Celebrating the modernity of creative contemporary and traditional art through online art competition

Howard Harris

Fourth Place



Howard Harris


Howard Harris

"No Monkeys"

Mixed Media Photo Based , 36"x 30"

Sale Price $2900

Artist Statement & Biography

Influenced by both Op Art and chaos theory, Howard Harris breaks with the strictures of traditional photography to reimagine the expressive possibilities in a photo-based image. Harris states that his explorations in photographic art represent “an attempt to recreate the perceptual experience, with its dynamic nature and hidden complexities”.
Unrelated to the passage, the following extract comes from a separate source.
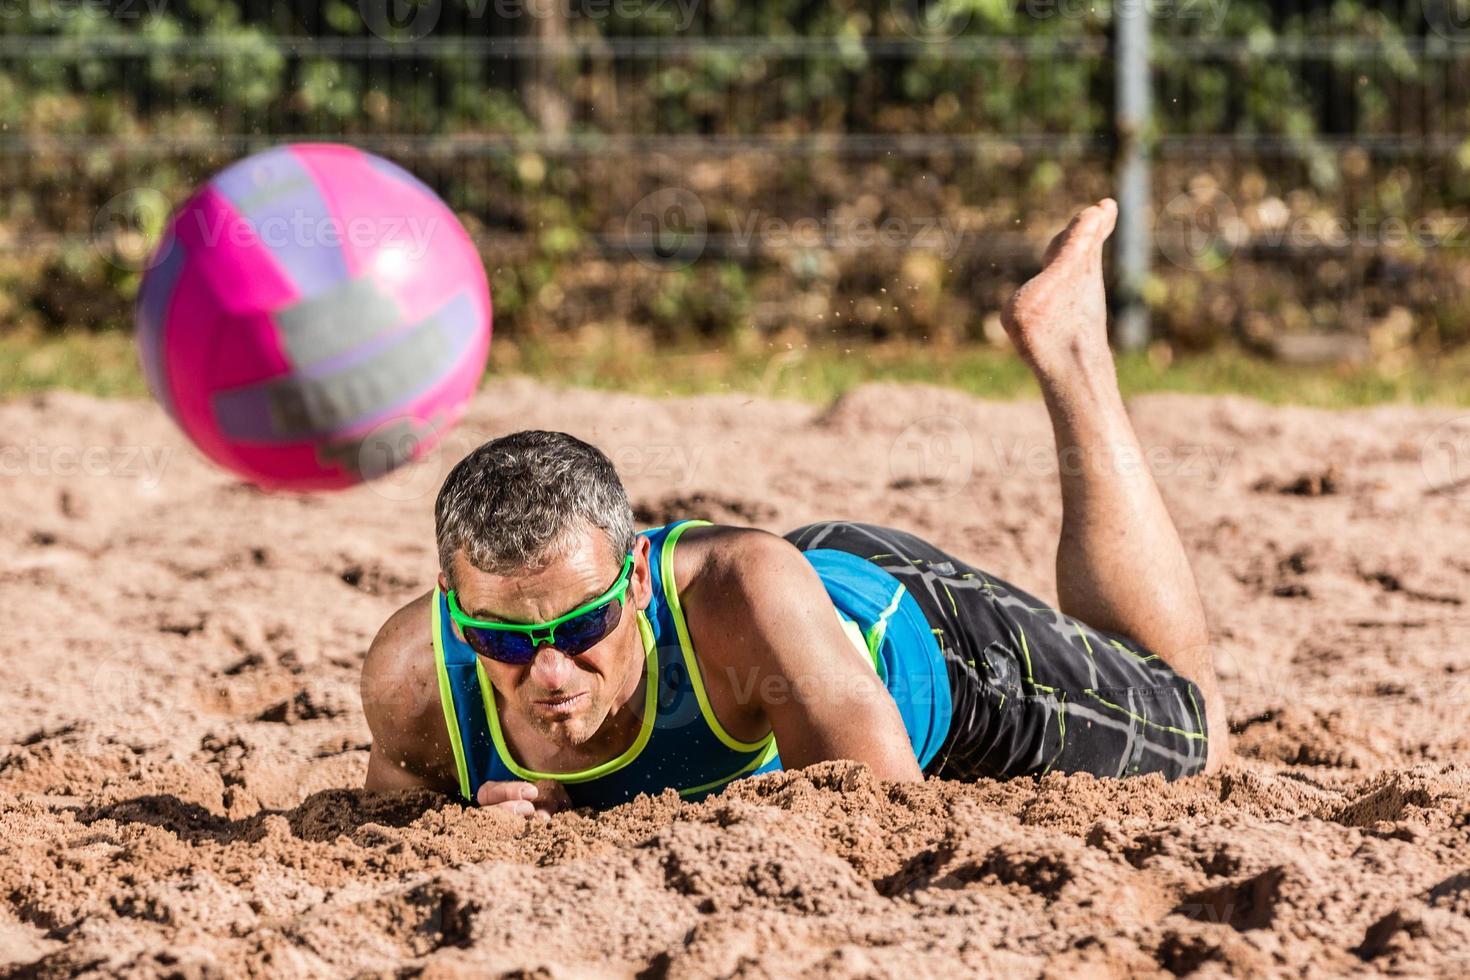 beachvolleyballer sdraiato nella sabbia foto

Harris’s work engages the idea that every photographic moment allows for a multiplicity of experiences depending on the way we look at it. Even in his more representational work, the identity of the object is pushed toward abstraction and the full experience of the image – the sensuous allure of color and line and spatial energy – is felt.

Harris creates his “visions” as kaleidoscopes of visual movement, as if the image could shift before your eyes. Many of his photographs feature biomorphic blooms of colors shimmering across a rhythmic space. In some of his 3-dimensional pieces, Harris gives his images a sculptural effect, layering the work using clear acrylic surfaces superimposed on a subtle grid and then shaping the surface. The images gain dimension and the viewing experience shifts depending on the angle.

Harris has long been interested in space and form and, eventually, how both can be represented in a visual object. A native of Denver, Harris received his BFA from the Kansas City Art Institute and completed a Masters in Industrial Design at the Pratt Institute in Brooklyn mentored by the renowned design theorist and educator Rowena Reed Kostellow. Through his growing interest in such Op artists as Julian Stanczak and Josef Albers as well as Henry Moore’s figurative sculptures, Harris learned to appreciate the way visual perception can be broken up and reconfigured creating an immersive experience before your eyes. Harris’s expressive and visually arresting photo images build from these earlier insights.

Josef Albers once said that “Abstraction is real, probably more real than nature”. In his photographic explorations, Harris also takes reality and twists and toys with it in intriguing ways to shift the sensory awareness of the viewer. As his work proves, perception is forever changing.